Exercise data:
++++
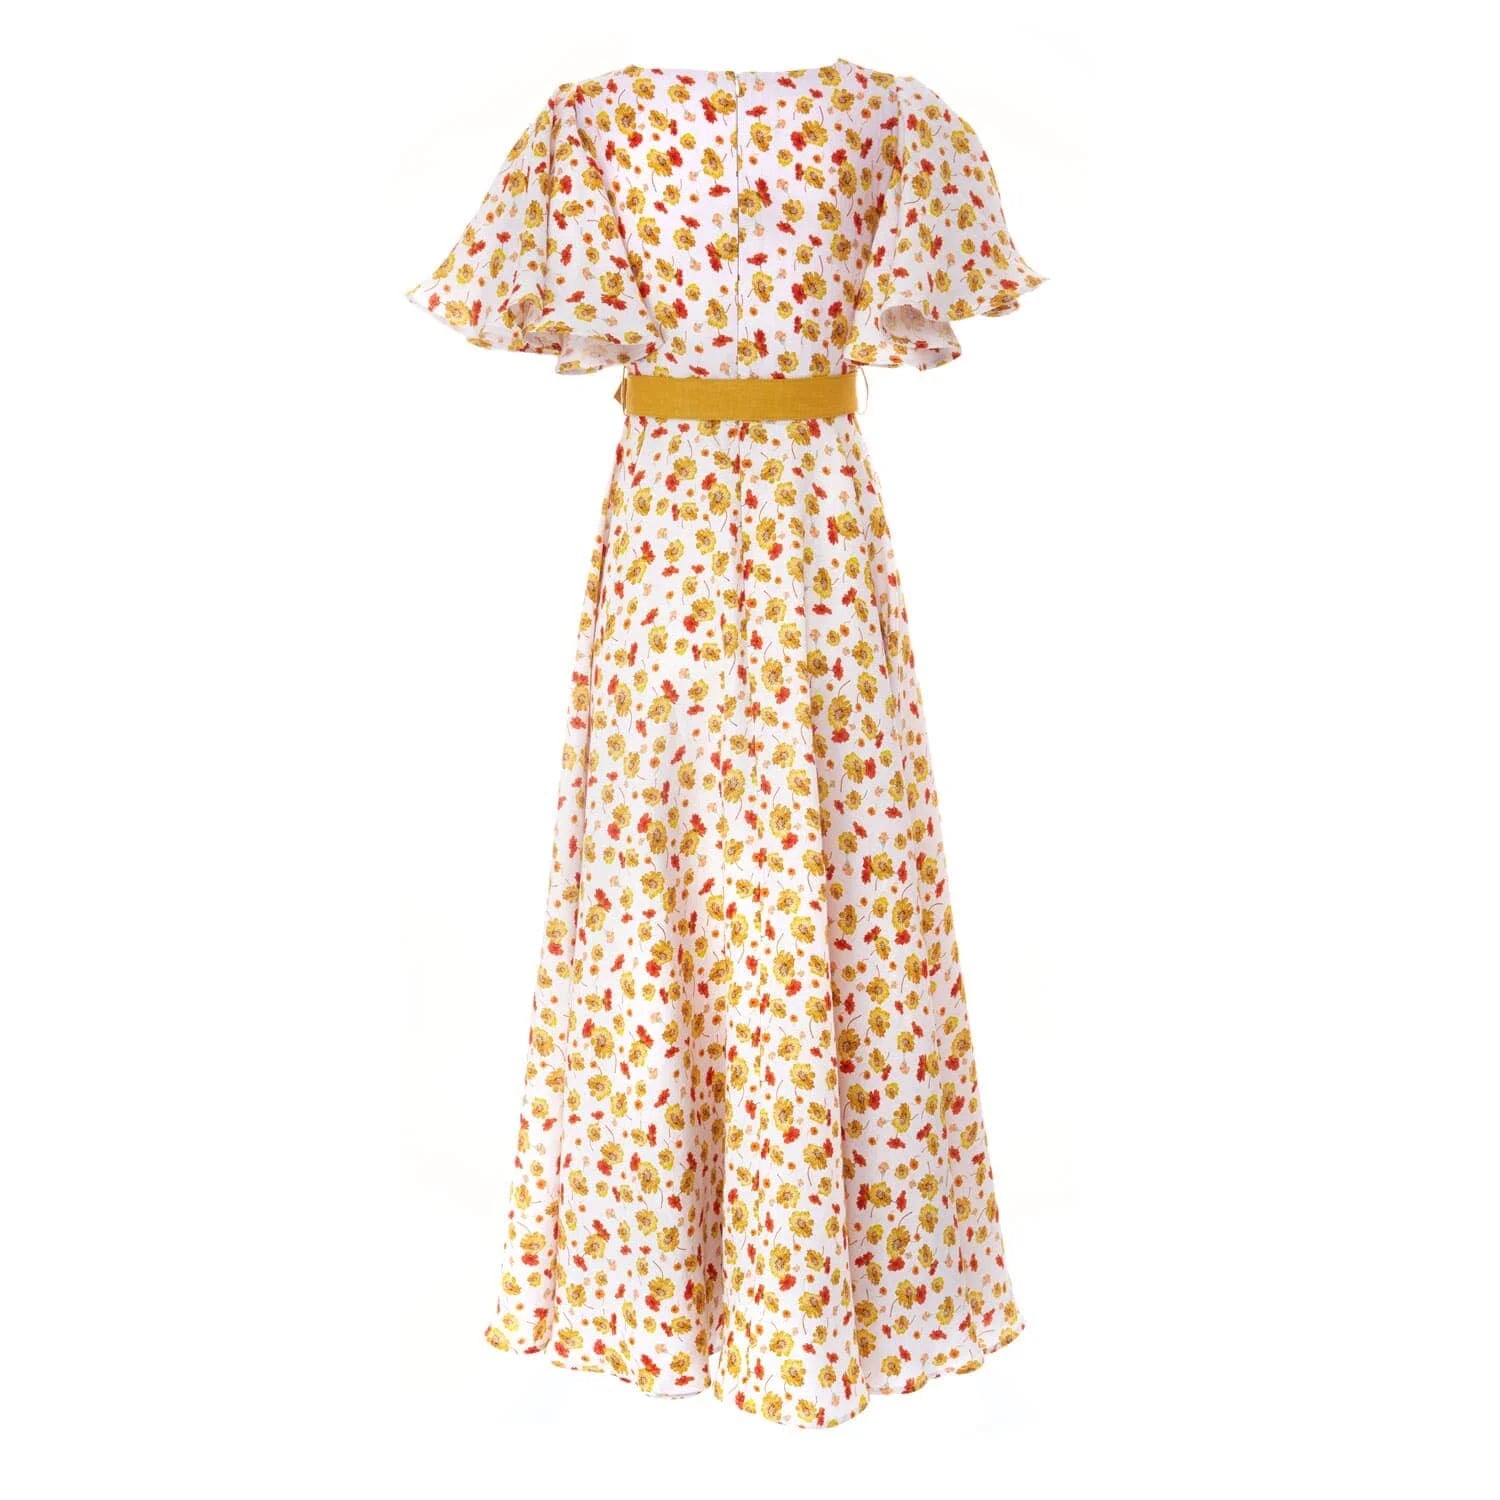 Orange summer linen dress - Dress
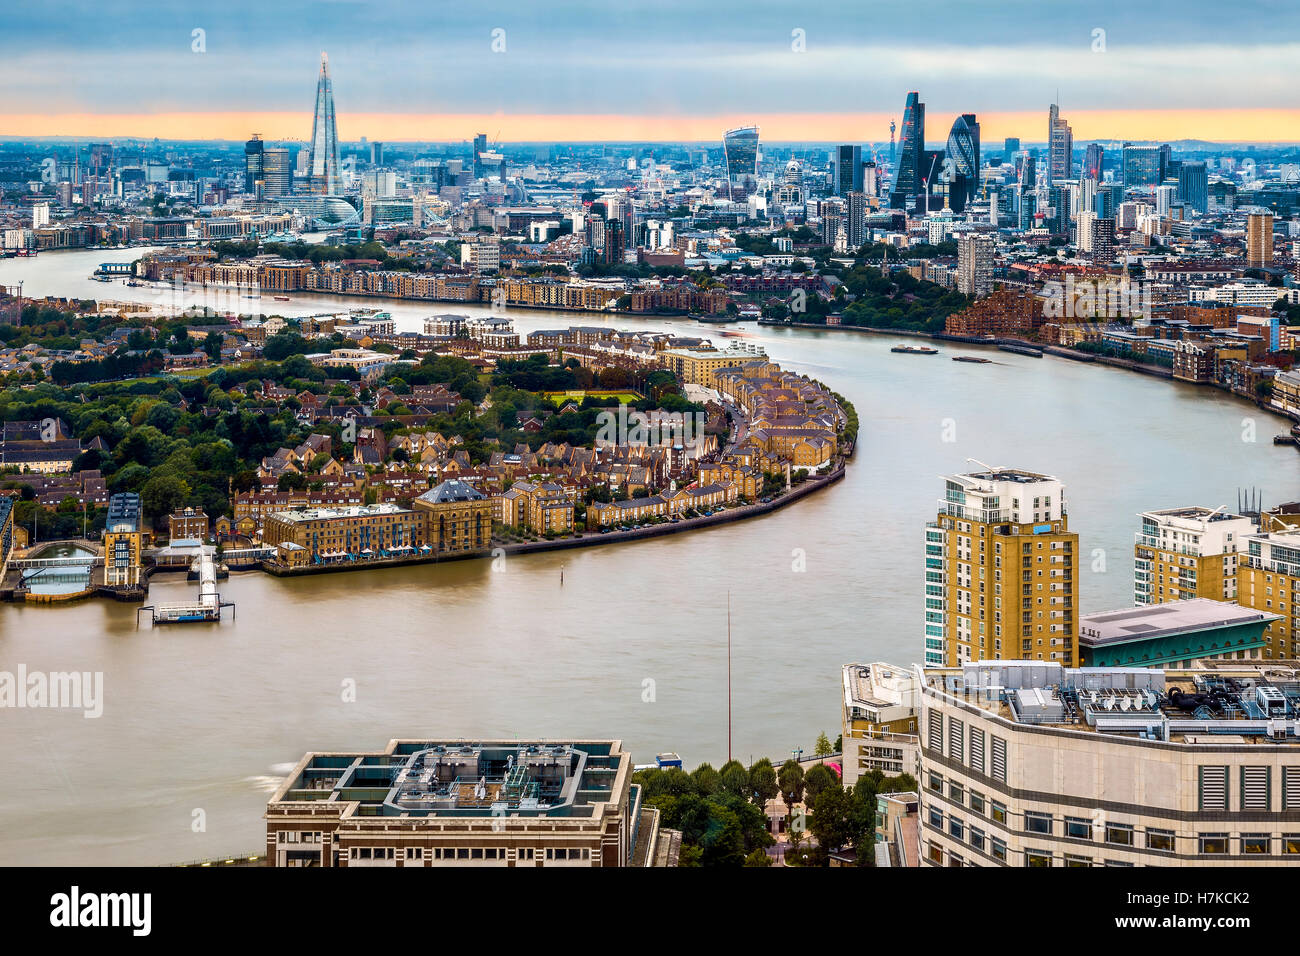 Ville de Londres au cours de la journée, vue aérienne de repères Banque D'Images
++++
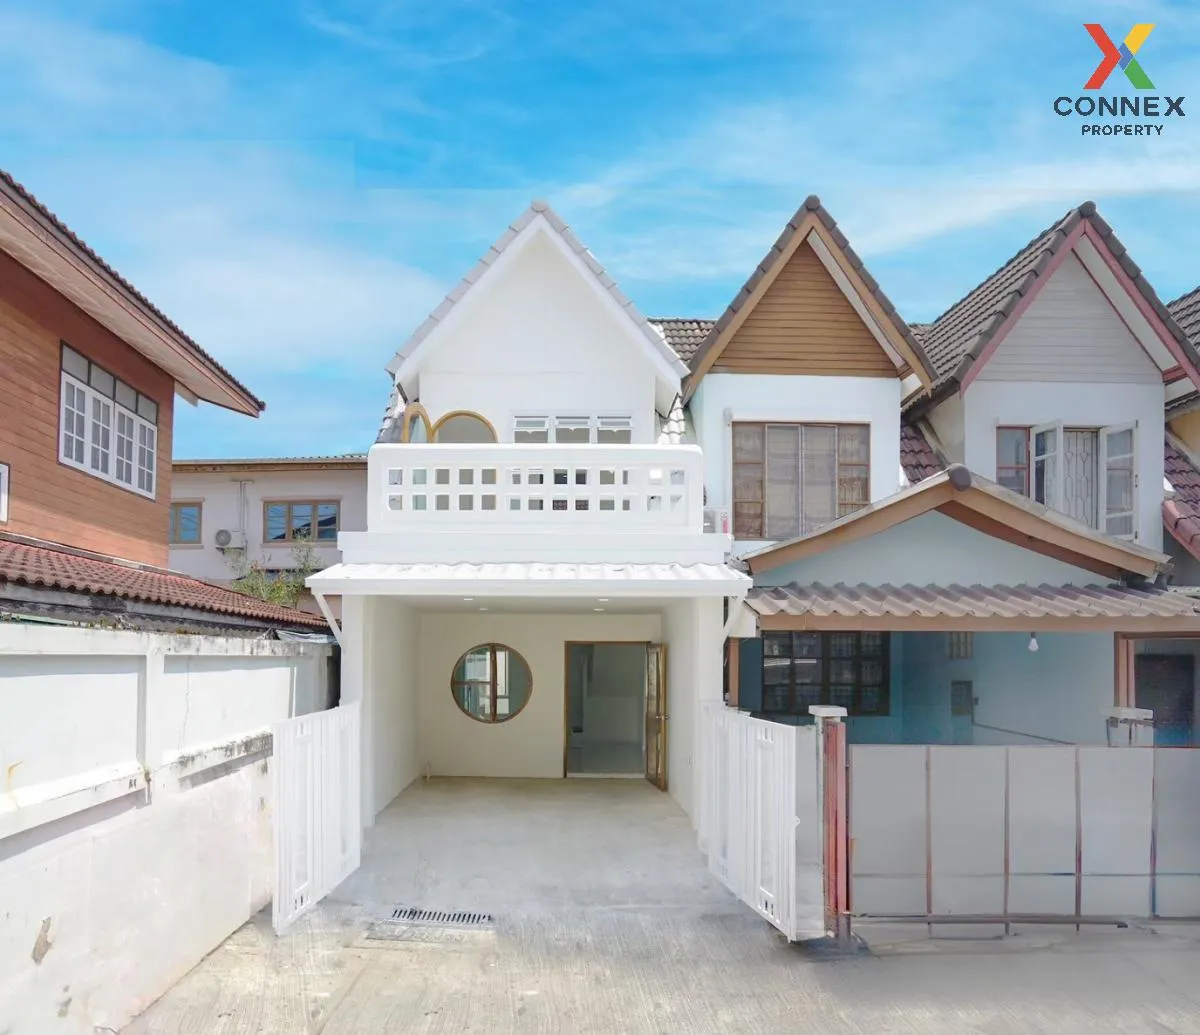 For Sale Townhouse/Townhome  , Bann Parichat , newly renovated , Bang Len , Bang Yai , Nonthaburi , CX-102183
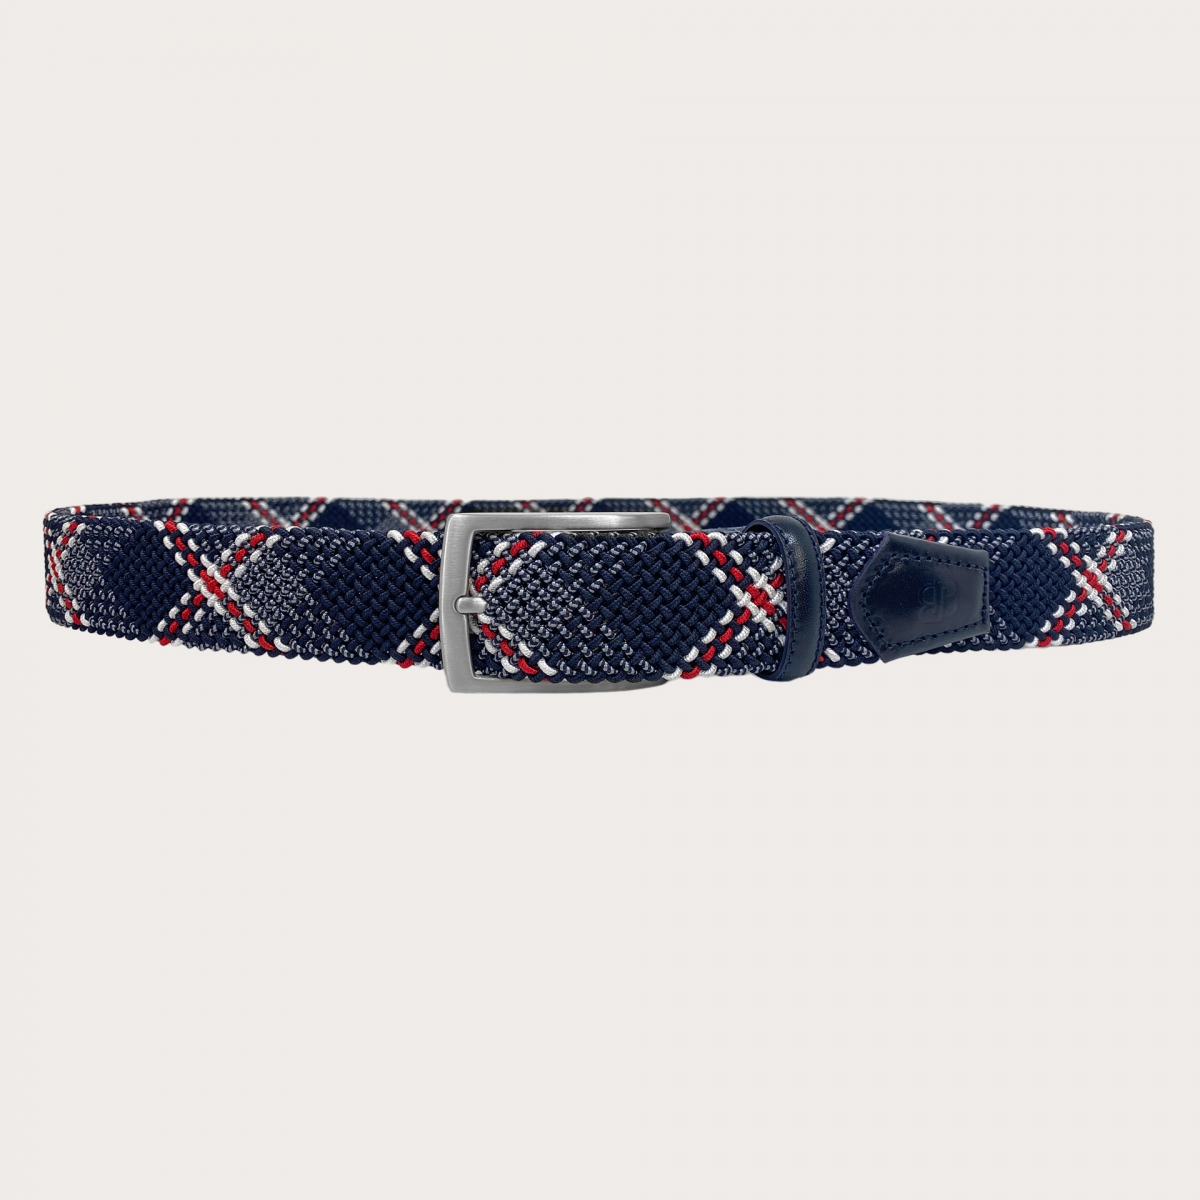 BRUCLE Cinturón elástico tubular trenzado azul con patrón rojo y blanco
++++
Task objective: Given the listing above, repeat exactly the lines starting at the one with "For Sale Townhouse/Townhome" and ending at the one with "BRUCLE Cinturón elástico", inclusive, excluding pictures.

Output for this exercise:
 For Sale Townhouse/Townhome  , Bann Parichat , newly renovated , Bang Len , Bang Yai , Nonthaburi , CX-102183
 BRUCLE Cinturón elástico tubular trenzado azul con patrón rojo y blanco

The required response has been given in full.